We live in the era of social media, where a single negative review can go viral in a nanosecond. Customers know what they want and what they’re going to get when they engage with a company – and “delight” is not on their list of expectations. So why are companies sticking to the same clichéd marketing playbook?
The current reality is that customer satisfaction levels are lower than they were in the 1970s, according to CCMC’s National Rage Study. Despite a substantial increase in spending by companies to handle customer complaints, billions are at risk to businesses as a result of customer dissatisfaction.
It’s not that companies are unaware of this. On the contrary: they have more channels than ever for consumer complaints (phone, social, mobile, email, chat). However, these are frequently cumbersome (overly complicated IVRs) or are managed by understaffed departments, leading to overly long response times or agents who are powerless to resolve complaints. According to the CCMC survey, the net result is that 56% of consumers that complained to businesses feel that they “got nothing”.
One wonders why there is such a disconnect between a company’s outward messaging, and what consumers truly expect. While slogans like, “we’ll do our best not to completely disappoint you” or “you’ll dislike us less than the competition” won’t win any awards, they’re closer to reality than telling customers that they’ll be delighted. (Because, seriously, who’s buying that anymore?)
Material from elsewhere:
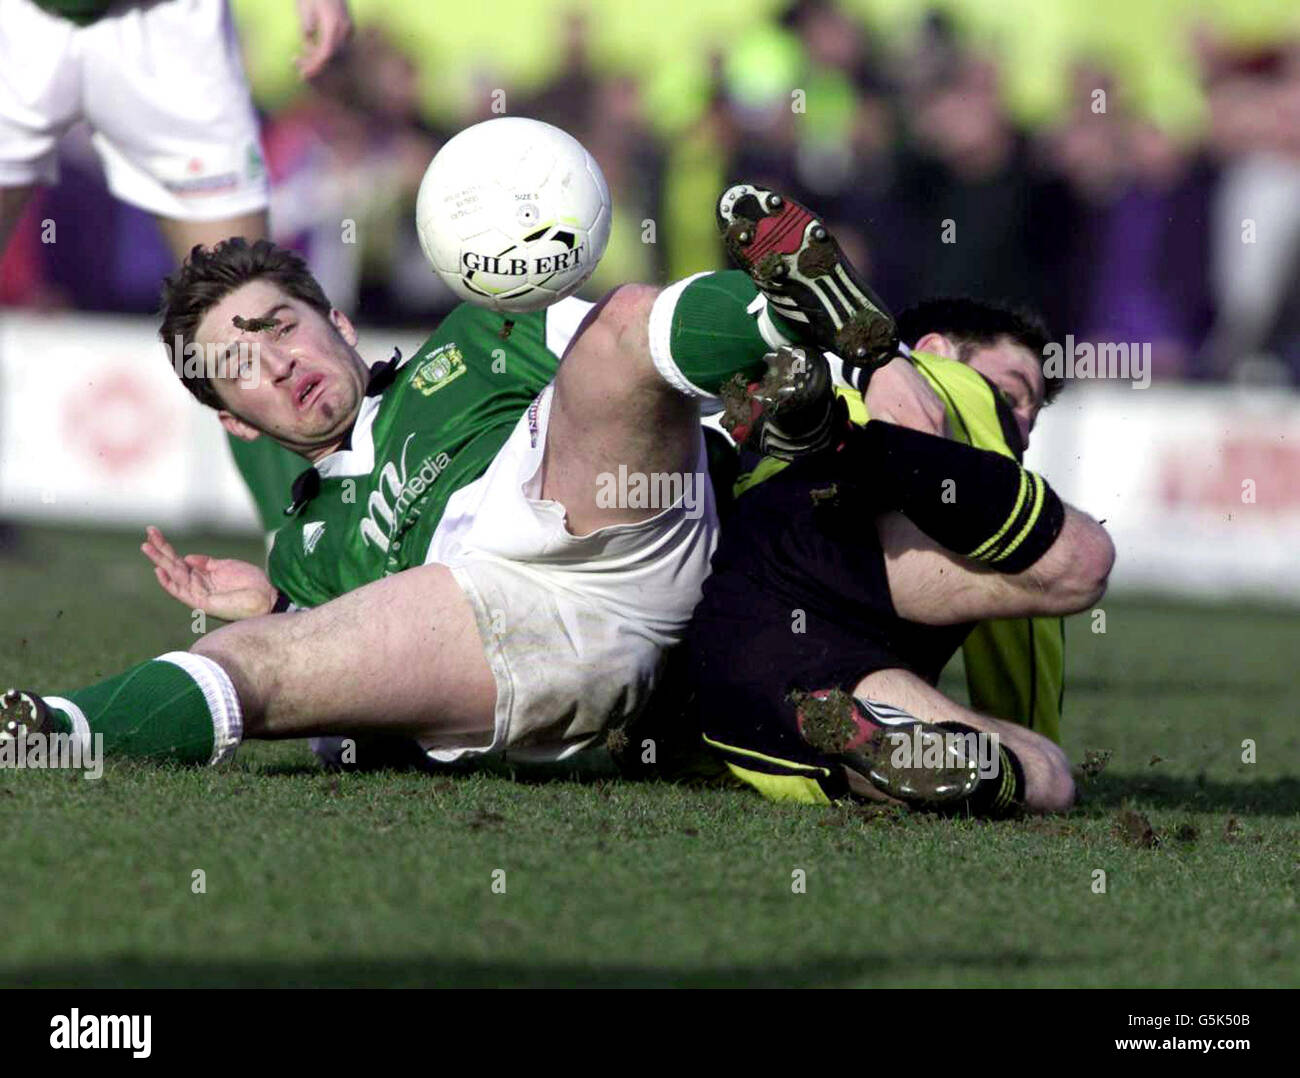 Burton v Yeovil - Burton's Pat Lyons and Yeovil's Ben Smith get tangled up in the Burton v Yeovil game at Coventry.. NO UNOFFICIAL CLUB WEBSITE USE. Stock Photo

To truly care about the customer experience, companies need to embrace the contact center and make it part of their corporate DNA. After all, in 2015, the main goal of call center managers isn’t simply to delight customers. They’re busy handling increased call volumes with fewer resources. They’re trying to translate corporate goals into workforce targets. They’re figuring out how to provide a consistent experience across an ever-expanding set of channels (voice, social, mobile, email, chat, and whatever comes next). And they’re the ones talking to customers, all day, every day.
Remedying these problems means realizing the importance of maximizing every interaction with customers (and not just squeezing every buck out of the call center). That means training and retaining a superb customer service team, empowering them to do their job, and eliminating the need for customers to wait on hold (either by staffing up or by employing a call-back solution), among other things.
Please, stop trying to delight customers. And, start really listening to them.